So, again as you’d expect, no significant deviations from the expected proportions and the mean p value is: 0.5843, fractionally lower than the 0.64 when using the population RCI across all samples.

Impact truncating baseline scores (creates non-Gaussian distributions)

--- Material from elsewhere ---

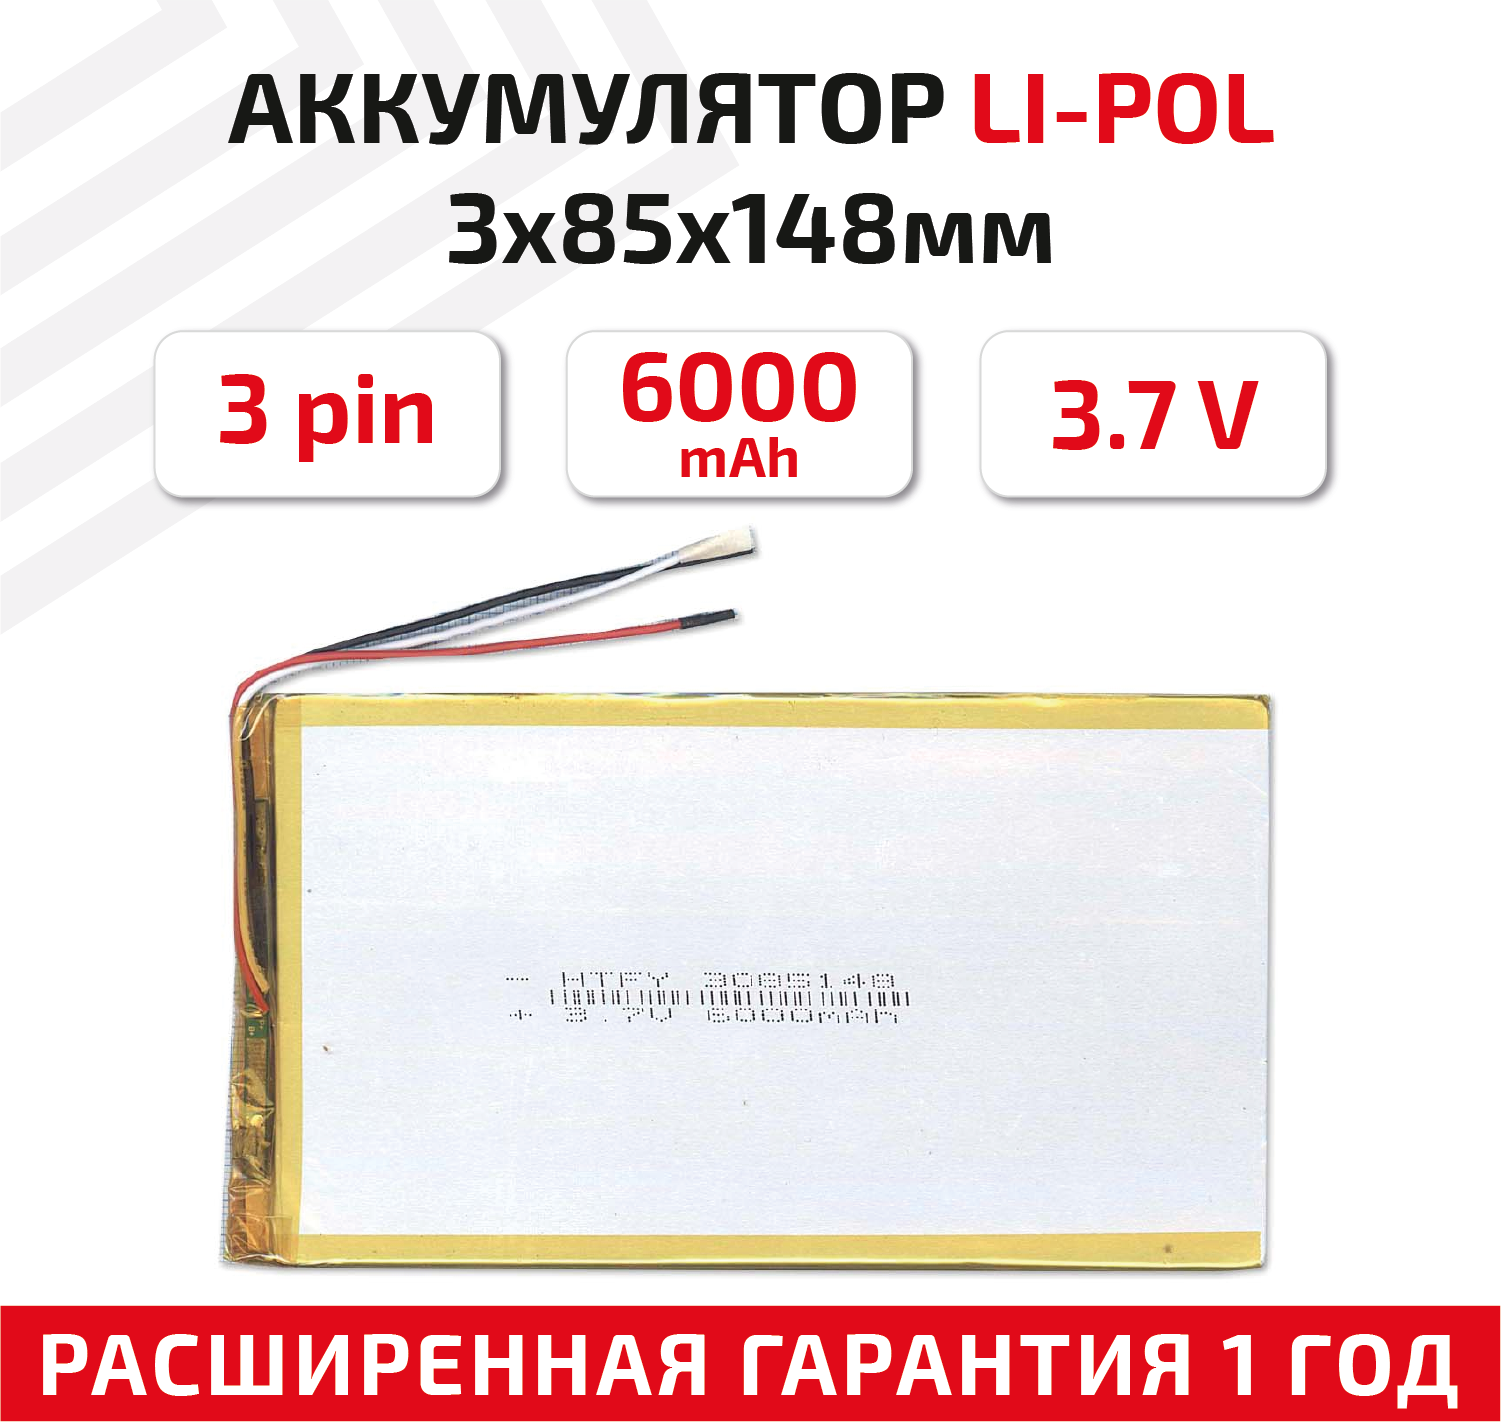 Универсальный аккумулятор (АКБ) для планшета видеорегистратора и др 3х85х148мм 6000мАч 3.7В Li-Pol 3pin (на 3 провода)

But what if we censor some of the samples by removing some low and some high baseline scorers and we continue to use the population RCI? This next code block models removing the lowest 25% of baseline scores (perhaps like removing those scoring below the CSC or some other “too low” cut-off in a clinical service) and the highest 10% (referring those clients onward as too high?)

Show code

tibSamples %>%
  summarise(quantiles = list(quantile(Baseline, probs = c(.25, .90)))) %>%
  unnest_wider(quantiles) -> tibQuantiles

tibSamples %>%
  filter(Baseline > tibQuantiles$`25%` & Baseline < tibQuantiles$`90%`) -> tibSamplesCensored

tibSamplesCensored %>%
  group_by(sampleID) %>%
  summarise(SDcensoredPS = sd(Baseline),
            RCIcensoredPS = SDcensoredPS * sqrt(2) * 1.96 * sqrt(1 - valReliability)) %>%
  ungroup() -> tmpTib

tibSamplesCensored %>%
  left_join(tmpTib, by = "sampleID") %>%
  mutate(RCIcat3wayPSCensored = case_when(
  absChange < RCIcensoredPS ~ "No reliable change",
  Change >= RCIcensoredPS ~ "Reliable deterioration",
  Change <= RCIcensoredPS ~ "Reliable improvement")) -> tibSamplesCensored

That gives us overall distribution of baseline scores like this.

Show code

tibSamplesCensored %>%
  summarise(mean = mean(Baseline),
            median = median(Baseline)) -> tmpTibStats

ggplot(data = tibSamplesCensored,
       aes(x = Baseline)) +
  geom_histogram(alpha = .4,
                 bins = 50) +
  geom_vline(xintercept = tmpTibStats$mean,
             colour = "green") +
  geom_vline(xintercept = tmpTibStats$median,
             colour = "blue") +
  geom_vline(xintercept = 0,
             colour = "black",
             linetype = 3) +
  ggtitle("Histogram of baseline scores after truncation",
          subtitle = str_c("Dotted black line is pre-trunctation population mean value",
                           "\nBlue line marks median value after truncation and green marks the mean"))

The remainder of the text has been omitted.